The output of this is:

ldd /p/software/juwelsbooster/stages/2022/software/TensorFlow/2.6.0-gcccoremkl-11.2.0-2021.4.0-CUDA-11.5/lib/python3.9/site-packages/tensorflow/libtensorflow_framework.so.2
        linux-vdso.so.1 (0x00007fff56f58000)
        libdl.so.2 => /usr/lib64/libdl.so.2 (0x000014828c7d0000)
        libm.so.6 => /usr/lib64/libm.so.6 (0x000014828c44e000)
        libprotobuf.so.3.17.3.0 => /p/software/juwelsbooster/stages/2022/software/protobuf/3.17.3-GCCcore-11.2.0/lib/libprotobuf.so.3.17.3.0 (0x000014828c14c000)
        libsnappy.so.1 => /p/software/juwelsbooster/stages/2022/software/snappy/1.1.9-GCCcore-11.2.0/lib/libsnappy.so.1 (0x000014828deef000)
        libdouble-conversion.so.3 => /p/software/juwelsbooster/stages/2022/software/double-conversion/3.1.6-GCCcore-11.2.0/lib/libdouble-conversion.so.3 (0x000014828dedd000)
        libpthread.so.0 => /usr/lib64/libpthread.so.0 (0x000014828bf2c000)
        libgif.so.7 => /p/software/juwelsbooster/stages/2022/software/giflib/5.2.1-GCCcore-11.2.0/lib/libgif.so.7 (0x000014828ded3000)
        libjpeg.so.8 => /p/software/juwelsbooster/stages/2022/software/libjpeg-turbo/2.1.1-GCCcore-11.2.0/lib/libjpeg.so.8 (0x000014828de27000)
        libz.so.1 => /p/software/juwelsbooster/stages/2022/software/zlib/1.2.11-GCCcore-11.2.0/lib/libz.so.1 (0x000014828de0c000)
        libstdc++.so.6 => /p/software/juwelsbooster/stages/2022/software/GCCcore/11.2.0/lib64/libstdc++.so.6 (0x000014828bd00000)
        libgcc_s.so.1 => /p/software/juwelsbooster/stages/2022/software/GCCcore/11.2.0/lib64/libgcc_s.so.1 (0x000014828ddf2000)
        libc.so.6 => /usr/lib64/libc.so.6 (0x000014828b93b000)
        /lib64/ld-linux-x86-64.so.2 (0x000014828dce2000)

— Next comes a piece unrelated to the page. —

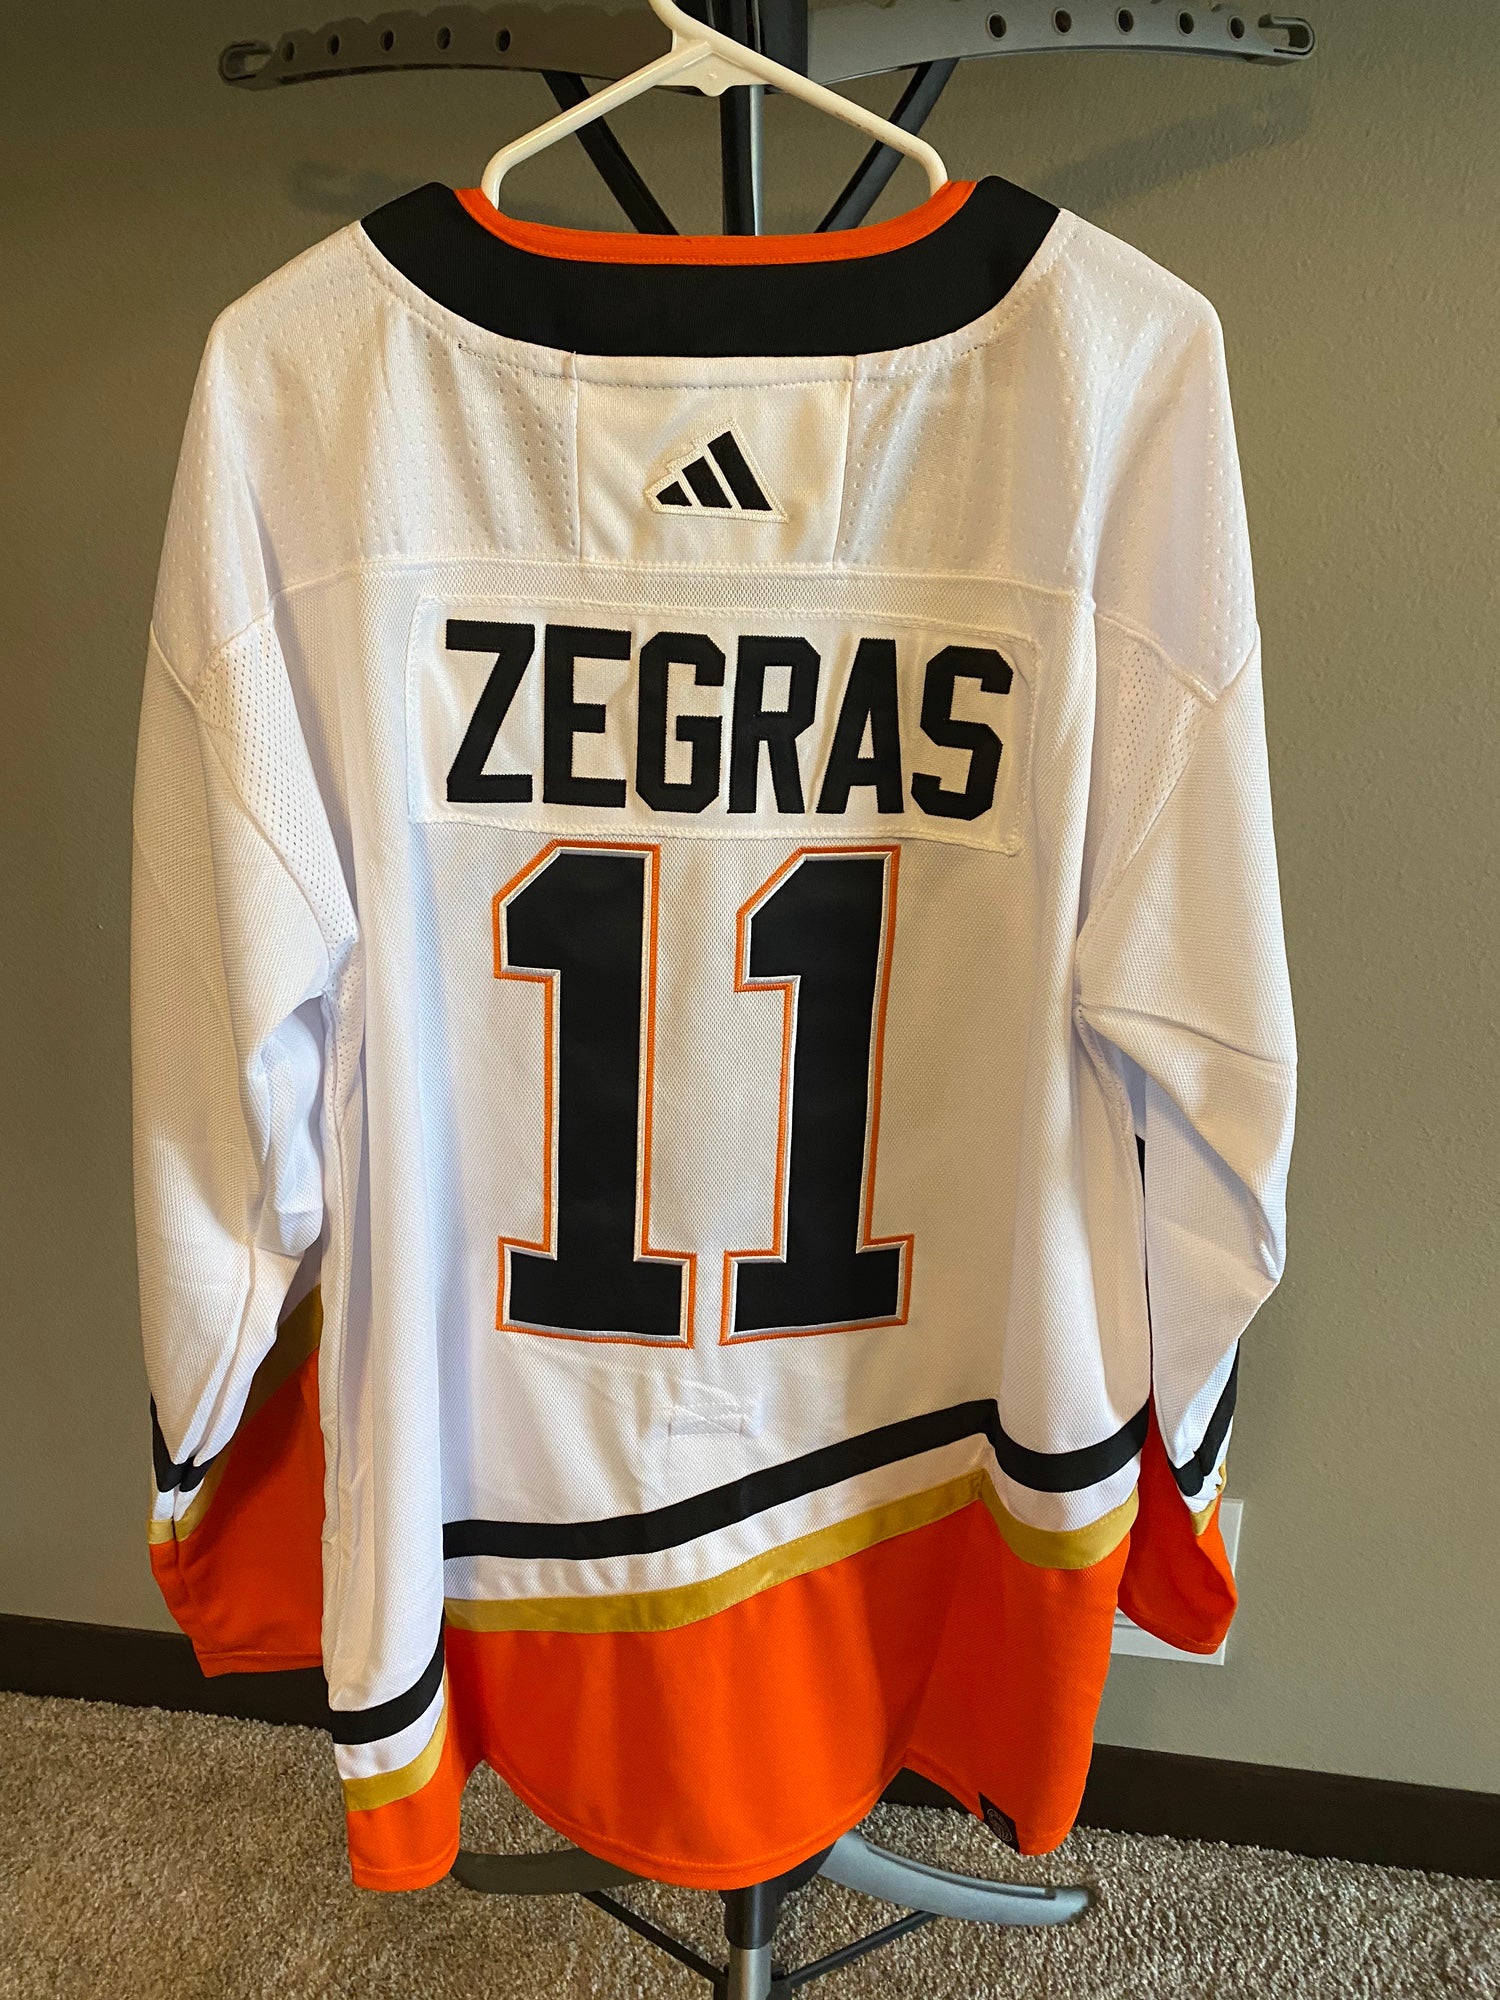 Trevor Zegras Jerseys, Trevor Zegras Shirts, Apparel, Gear

what is the correct procedure then? Do I need to specify TENSORFLOW_ROOT to the protobuf directory?

romankempt avatar Oct 06 '22 09:10 romankempt

Yes.

njzjz avatar Oct 06 '22 18:10 njzjz

The cmake module needs to find it automatically - let me consider how to implement it.

njzjz avatar Oct 06 '22 18:10 njzjz

The cmake module needs to find it automatically - let me consider how to implement it.

Please check if #1975 works to you.

njzjz avatar Oct 06 '22 21:10 njzjz

Thank you for responding so quickly! The current devel branch raises the following error:

  -- Found CUDA: /p/software/juwelsbooster/stages/2022/software/CUDA/11.5 (found version "11.5")
  -- Found CUDA in /p/software/juwelsbooster/stages/2022/software/CUDA/11.5, build nv GPU support
  -- Will not build AMD GPU support
  -- Disabled cpp interface build, looking for tensorflow_framework
  -- protoTensorFlow_INCLUDE_DIRS_GOOGLE-NOTFOUND
  -- Protobuf headers are not found in the directory of TensorFlow, assuming external protobuf was used to build TensorFlow
  CMake Warning (dev) at cmake/Findtensorflow.cmake:157 (file):
    You have used file(GET_RUNTIME_DEPENDENCIES) in project mode.  This is
    probably not what you intended to do.  Instead, please consider using it in
    an install(CODE) or install(SCRIPT) command.  For example:

      install(CODE [[
        file(GET_RUNTIME_DEPENDENCIES
          # ...
          )
        ]])
  Call Stack (most recent call first):
    CMakeLists.txt:95 (find_package)
  This warning is for project developers.  Use -Wno-dev to suppress it.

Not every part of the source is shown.